Only local business can end global poverty — R. Glenn Hubbard
In Friday’s Financial Times R. Glenn Hubbard, co-author of the forthcoming The Aid Trap: Hard Truths About Ending Poverty, argues that poor nations need a new Marshall plan that helps stimulate local businesses.
As Hubbard points out the original Marshall plan did not simply give “away food, medicine, and clothing, on one hand, and rebuilt government infrastructure such as ports, railroads and water systems, on the other.” Instead the plan “made loans to European companies, which repaid them to their governments, which then spent the funds on infrastructure. To qualify for the plan, countries had to enact certain pro-business policies to make sure that their local businesses could use the loans well.”
Thus what is needed today for sub-Saharan Africa and other regions in dire poverty is not the large, macro aid development programs supported by the UN and promoted by prominent public figures such as Bill Gates, Jeffrey Sachs, or Bono. Instead aid should focus on supporting local businesses.

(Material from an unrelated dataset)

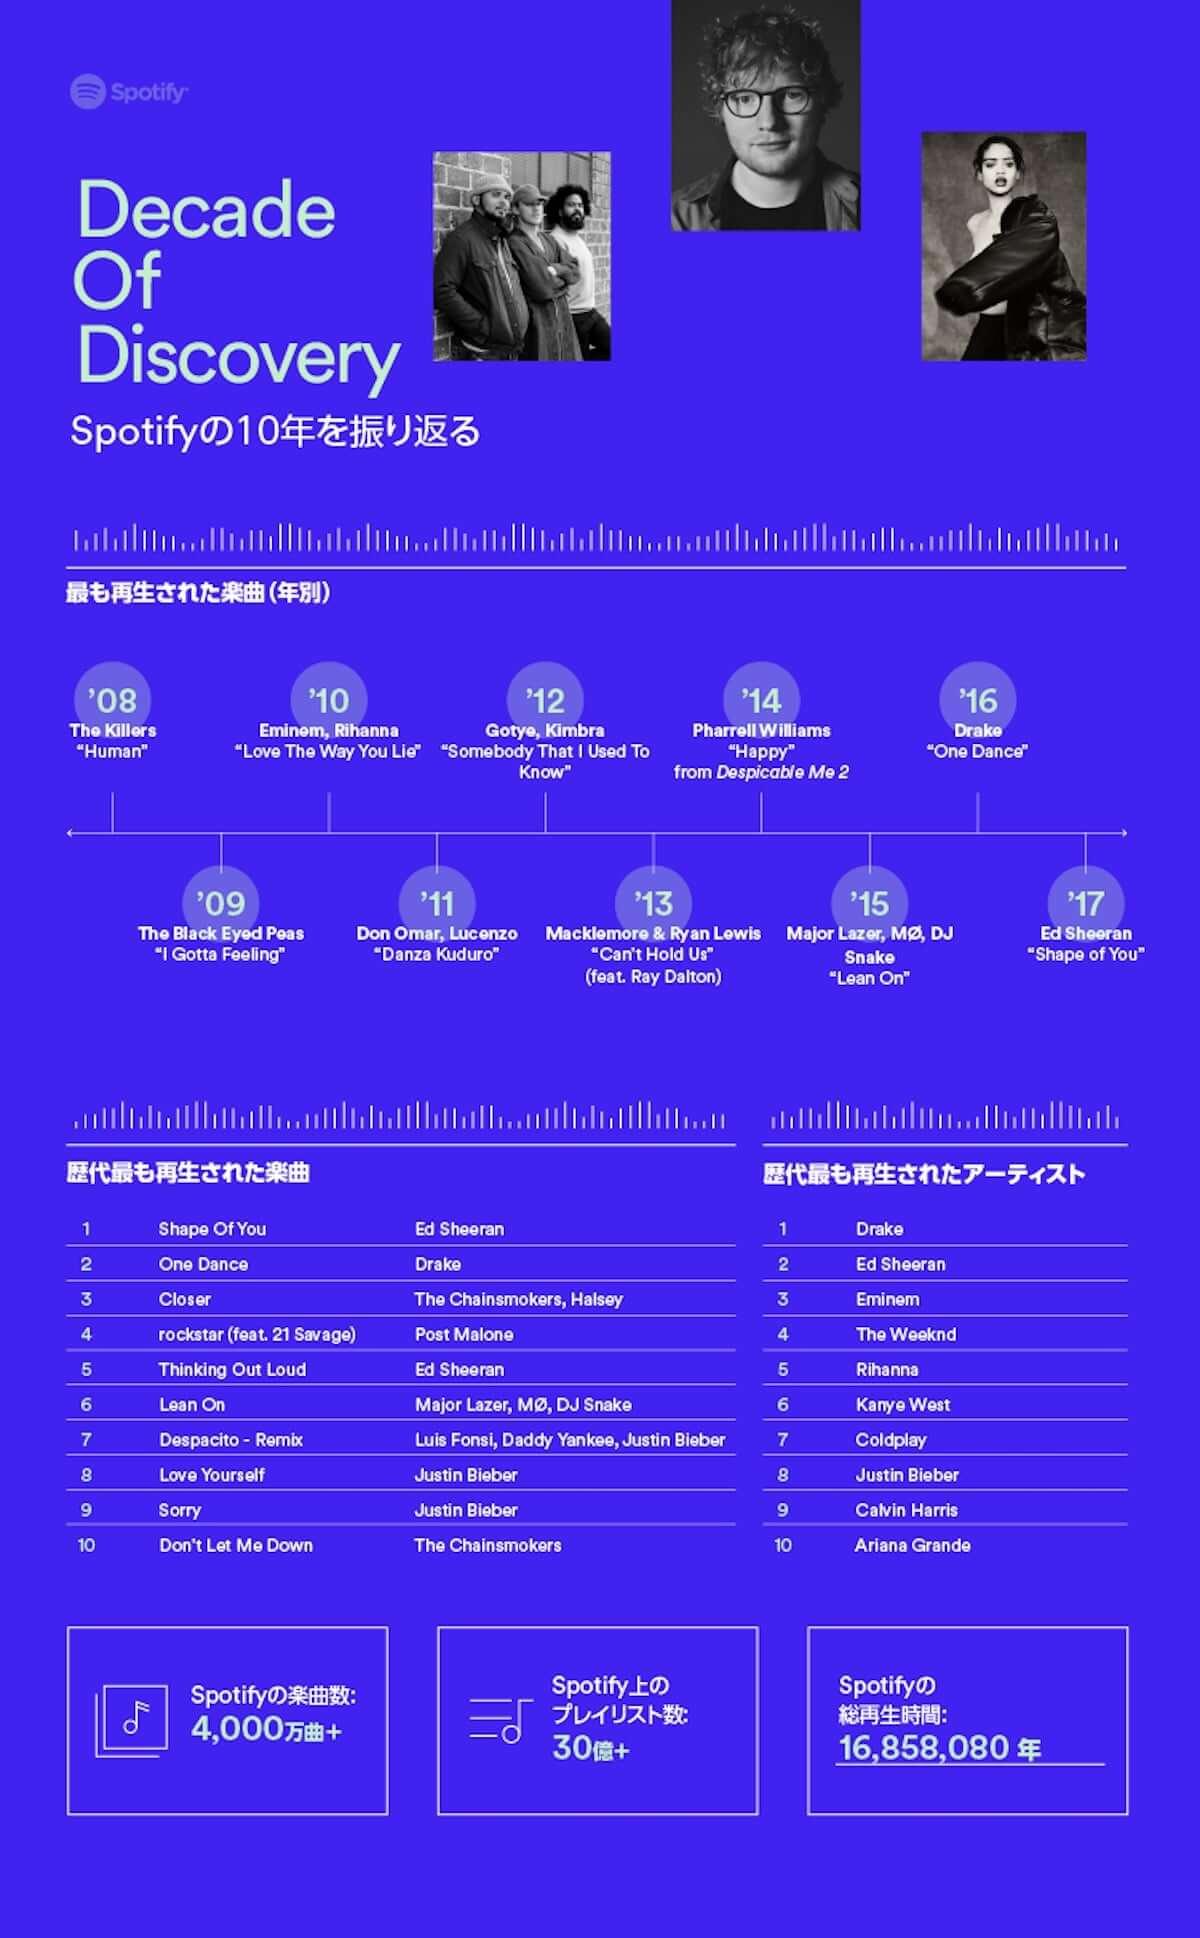 Spotifyサービス開始10年で総再生時間16,858,080年!?Spotifyで最も再生された楽曲は? music181011_spotify_2-1200x1938

Hubbard concludes by writing:
Let us draw a parallel with philanthropist Bill Gates’s own line of business and divide aid into two parts: hardware and software. The hardware is the ports, railroads, and water plants of the Marshall plan, or the medicines, fertilisers, and boreholes of the current aid system. The software is the loans and funding mechanism of the Marshall plan, or the government and NGO project mechanism of current aid. The clear difference is that the Marshall plan software works, but the current aid software does not.
The UN is right, of course, to target the dire poverty in sub-Saharan Africa. But it needs to take a different course. We need policies that make a difference to the software of prosperity – the rules, policies and institutions that govern how business operates in each country, and the mechanisms of aid funding that either help or hurt that local business sector.
The global financial crisis is clearly a software problem. That is what everyone is trying to fix for the prosperous countries of the world. Poverty is also a software problem, but the aid system has been trying to fix the hardware instead, and got the software wrong. The Marshall plan got it right for postwar Europe. It is not too late to correct the error and get it right for the poorest countries.